For snake bites, the traditional healer makes a series of cuts on the affected area and applies a mixture of herbs to the wounds. This is believed to help draw out the poison and prevent it from spreading throughout the body.

For fertility issues, the healer makes cust on the stomach/lower abdomen and then applies a mixture of herbs.

This helps to balance hormones and restore fertility.

To treat mental illness, they would make an incision on the forehead and apply a mixture of herbs and other remedies to the wounds.

The medicine helps to release negative energy and restore balance to the mind.


The Nuba tribe make scars above the eyes to improve eyesight and on the temple to relieve headache.


The Dagomba people use scarification to treat various illnesses such as Malaria, stomach pain and pneumonia.

They believe these illnesses stem from the blood.

A traditional healer cuts the skin and applies powdered herbs to the wound. The herbs cleanse the diseases from the bloodstream.


Among the Surma woman, a wooden hook or edged thorn is used to upraise the part of the skin to be scarred.

The dry blood is removed, and the lesions are filled with ash and mud.

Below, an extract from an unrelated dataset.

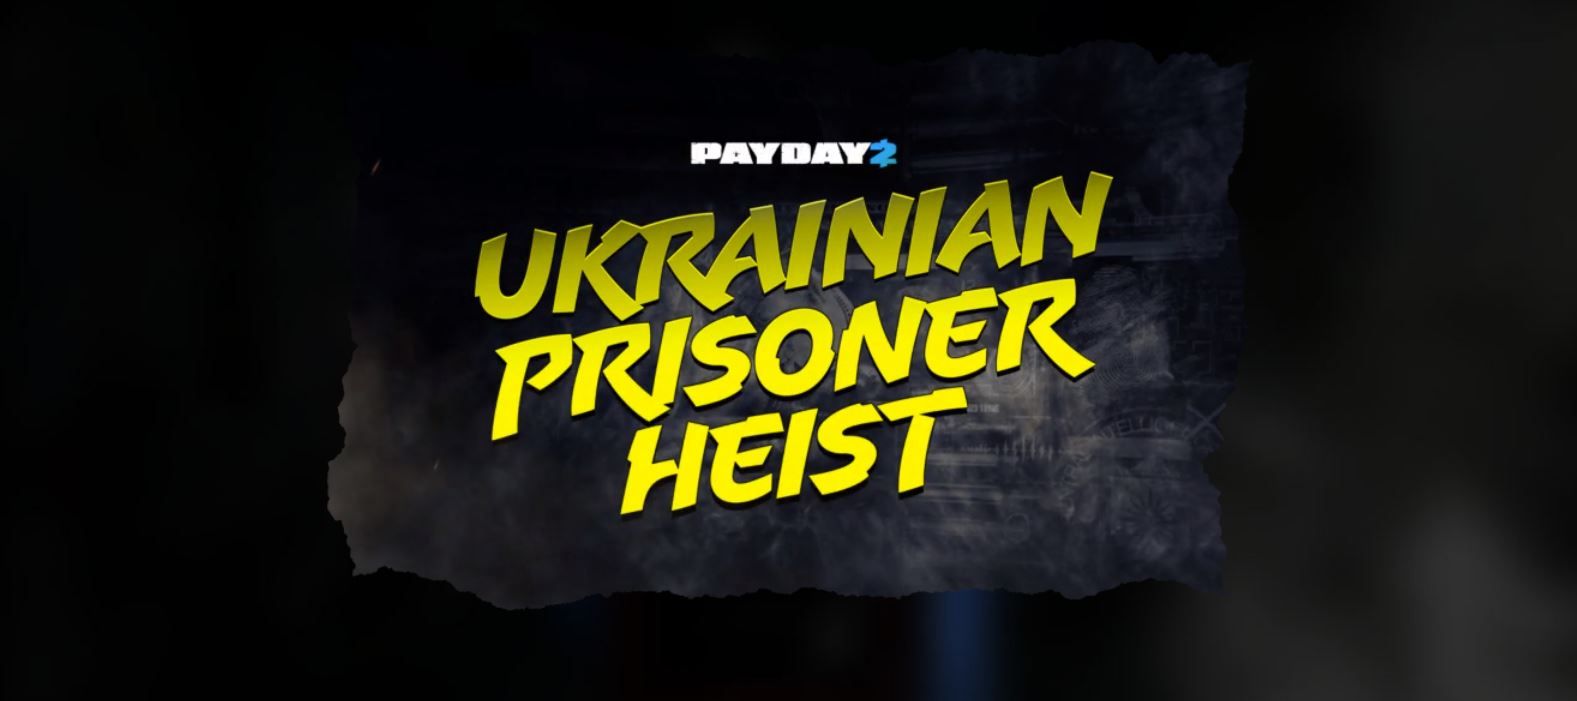 Payday 2 Ukrainian Prisoner Heist Release Date

The scabs are removed, and crocodile dung is rubbed in the lesions to prevent the wound from healing.

The inflammatory process favours the formation of keloids for an extended period.

The keloids are aesthetic assets which emphasise feminity and increase social prestige.

making a scar

The Barabaig women of Tanzania make dotted scars around the eyes. The scars signify female perfection.


Symbol of status

Scarification also indicates someone's social status and individual achievements.

For example, some Fulani women have four-three-lane keloid chains on their faces. The keloids display their social ranking in Fulani society.

The Tonga men scar their bodies after they kill an enemy or after a successful expedition.

A keloid scar stretching from one eyebrow to the other and looking like a buffalo showed the decisiveness of a victorious hunter.

It was the same among the Maasai warrior of Kenya and Tanzania.

Decorated circular or semi-circular scars are made on the cheeks to show the bravery of the Morans.


Scarification is a mark of African heritage. But, the traditional approach of doing it is a health risk.

Scarification has been associated with the rise in diseases such as Tetanus, Hepatitis virus and HIV in the communities.

We need to modernise the customs without abandoning them.

How can we achieve this?

Use modern equipment and technologies, such as those used for modernised tattoos, to administer the same art forms and symbols.

We should document and preserve the history and designs of scarifications. Achievable through recording videos, taking pictures, writing and carvings.